When OpenClaw Meets Hospital: Toward an Agentic Operating System for Dynamic Clinical Workflows

This paper proposes an architecture for an "Agentic Operating System for Hospital" that adapts the OpenClaw framework to safely deploy LLM agents in clinical environments by integrating a restricted execution environment, document-centric interactions, page-indexed long-term memory, and a curated medical skills library to ensure reliability, security, and auditability in dynamic workflows.

The Gist

Imagine a hospital as a bustling, high-stakes city. In this city, doctors, nurses, and patients are constantly exchanging information, but they are currently stuck using a very old, rigid map system.
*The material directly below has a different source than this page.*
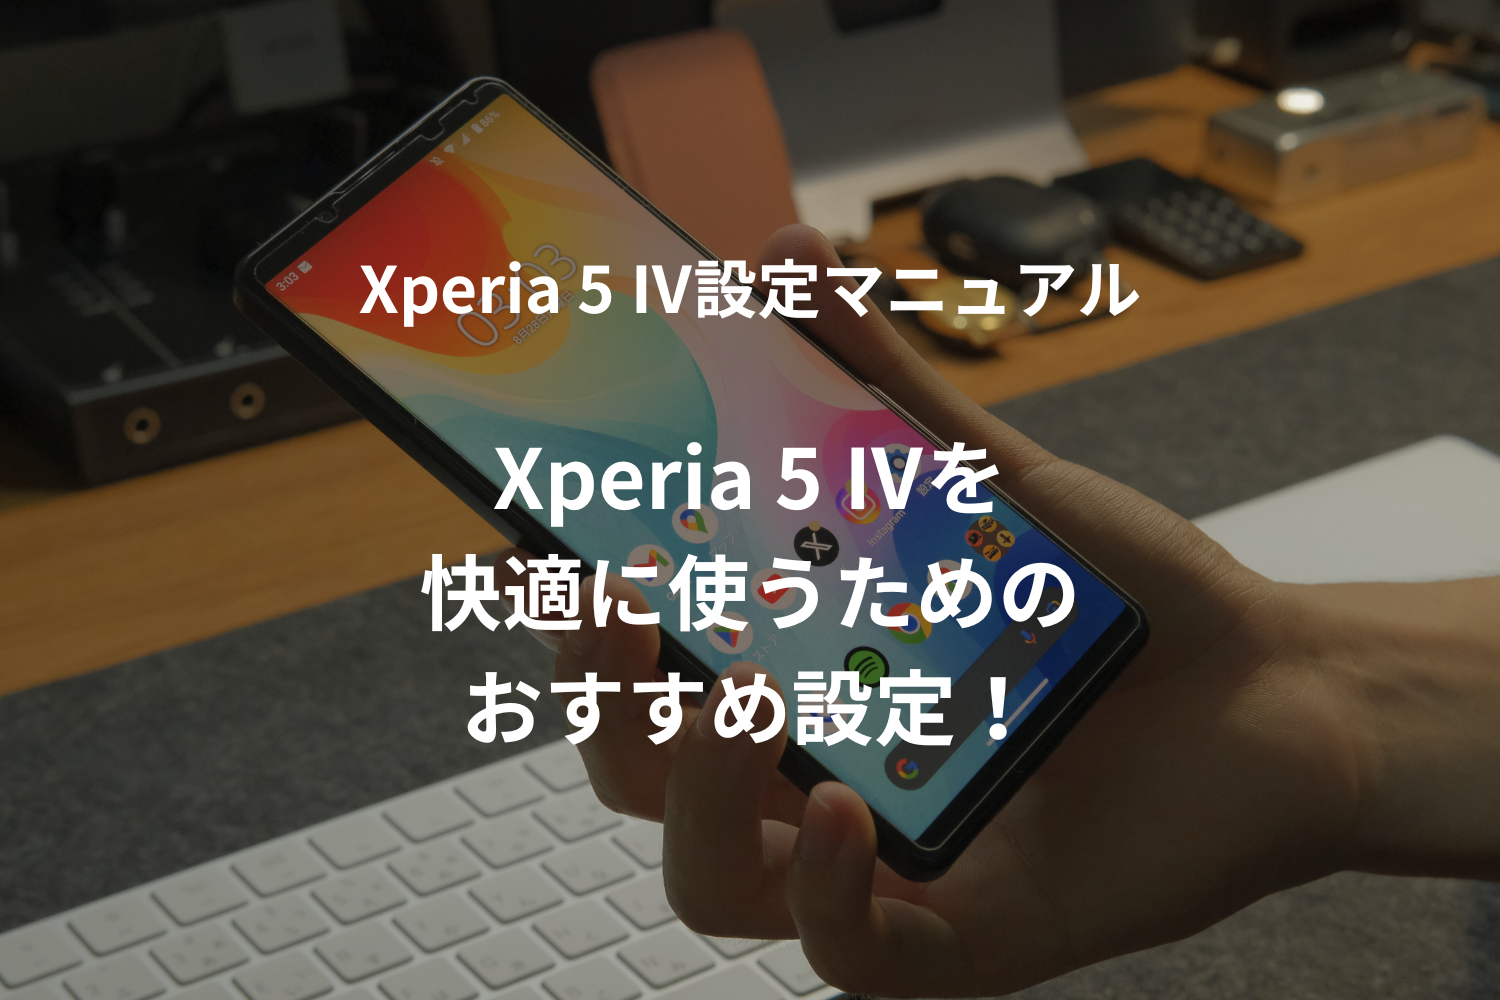 xperia-5-Ⅳ-setup-information

The Problem: The "Scripted City"
Right now, hospital computer systems work like a train on a fixed track. They are great at doing the routine things: checking a patient in, ordering a standard blood test, or scheduling a follow-up. But what happens when a patient has a rare combination of illnesses, or a new drug interacts strangely with an old one? The train hits a wall. The system can't leave the tracks. It can't say, "Hey, let's look at this patient's history from three years ago and combine it with today's lab results to solve this unique puzzle."
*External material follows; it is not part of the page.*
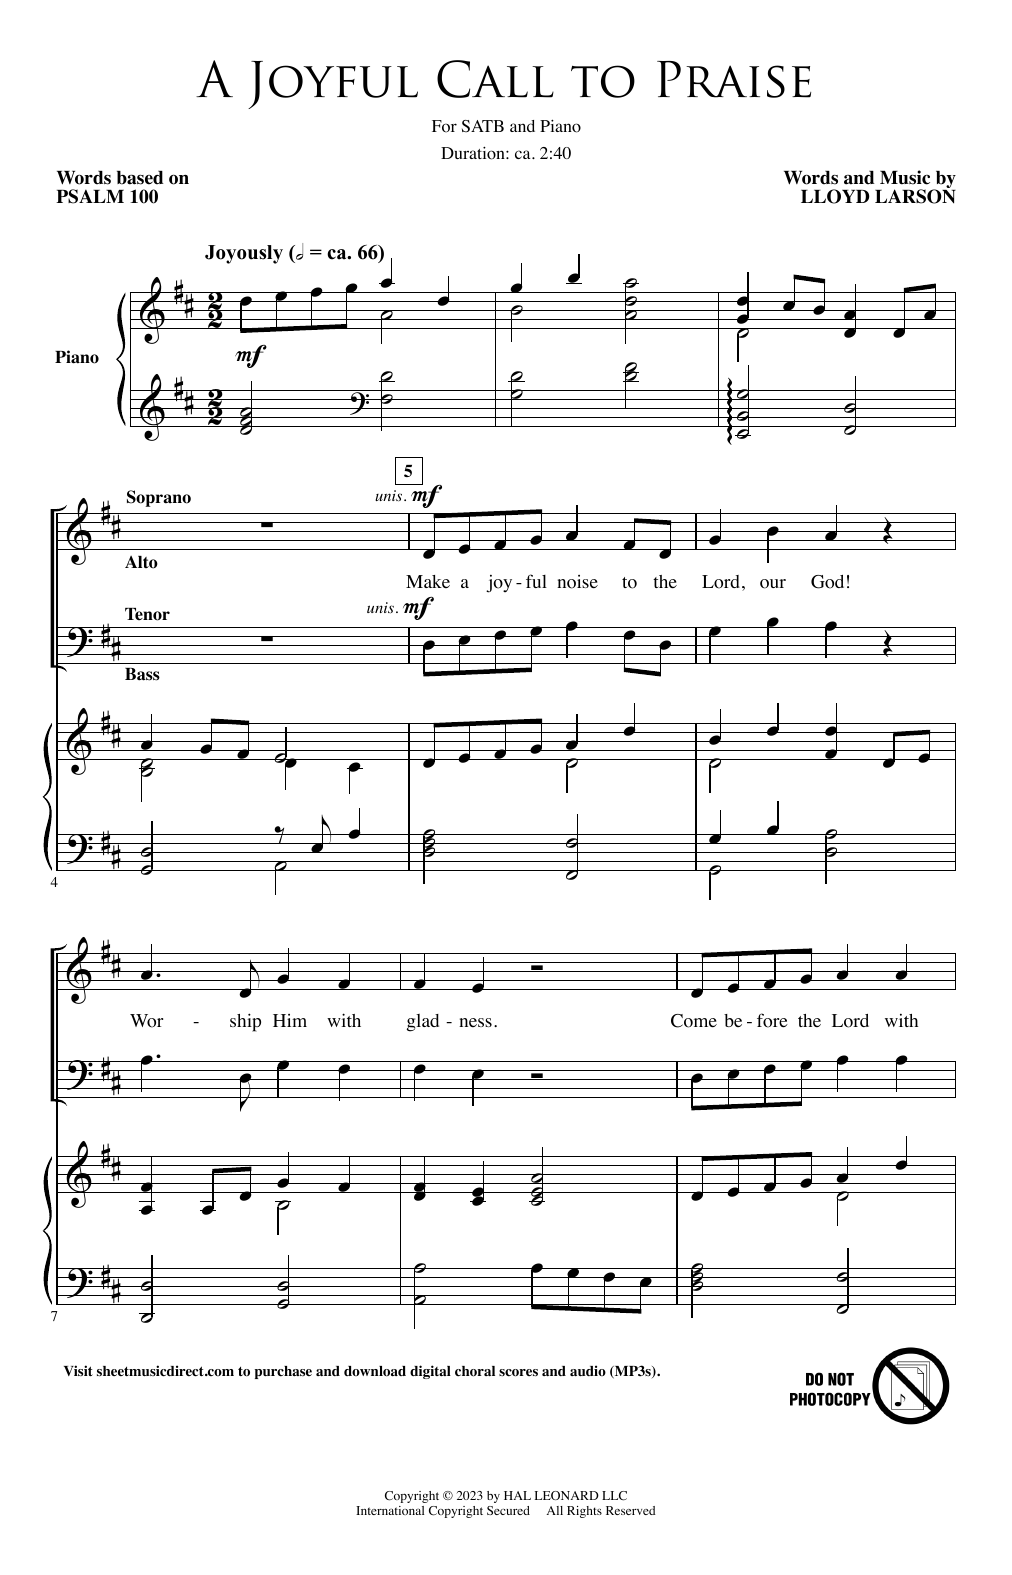 Lloyd Larson A Joyful Call To Praise Sheet Music Notes & Chords for SATB Choir - Download or Print PDF

Furthermore, trying to give a super-smart AI (a Large Language Model) full control over a hospital is like handing a toddler the keys to a nuclear power plant. If the AI gets confused or hallucinates, it could accidentally delete a patient's record or call the wrong emergency number. We can't trust the AI to "behave" on its own; we need to build a cage that makes it impossible for it to do anything dangerous.

The Solution: The "Agentic Operating System"
This paper proposes building a new kind of "Operating System" for hospitals, inspired by a project called OpenClaw. Think of this not as a new app, but as the foundation of the building itself.

Here is how it works, using simple analogies:

1. The "Restricted Apartment" (Safety First)

Imagine every doctor, nurse, and patient gets their own private apartment in a massive building.

• The Rule: You can only touch the furniture inside your own apartment. You cannot walk into the neighbor's room, you cannot break the windows, and you cannot call anyone outside unless you use the specific, pre-approved phone in your kitchen.
• In the Hospital: The AI agents (the digital helpers) are locked in these "apartments." They can only read and write specific files (documents) they are allowed to see. They cannot access the internet, run random code, or delete files they shouldn't. If the AI tries to do something bad, the "building manager" (the Linux operating system) physically stops it before it happens. It doesn't rely on the AI being "good"; it relies on the locks being unbreakable.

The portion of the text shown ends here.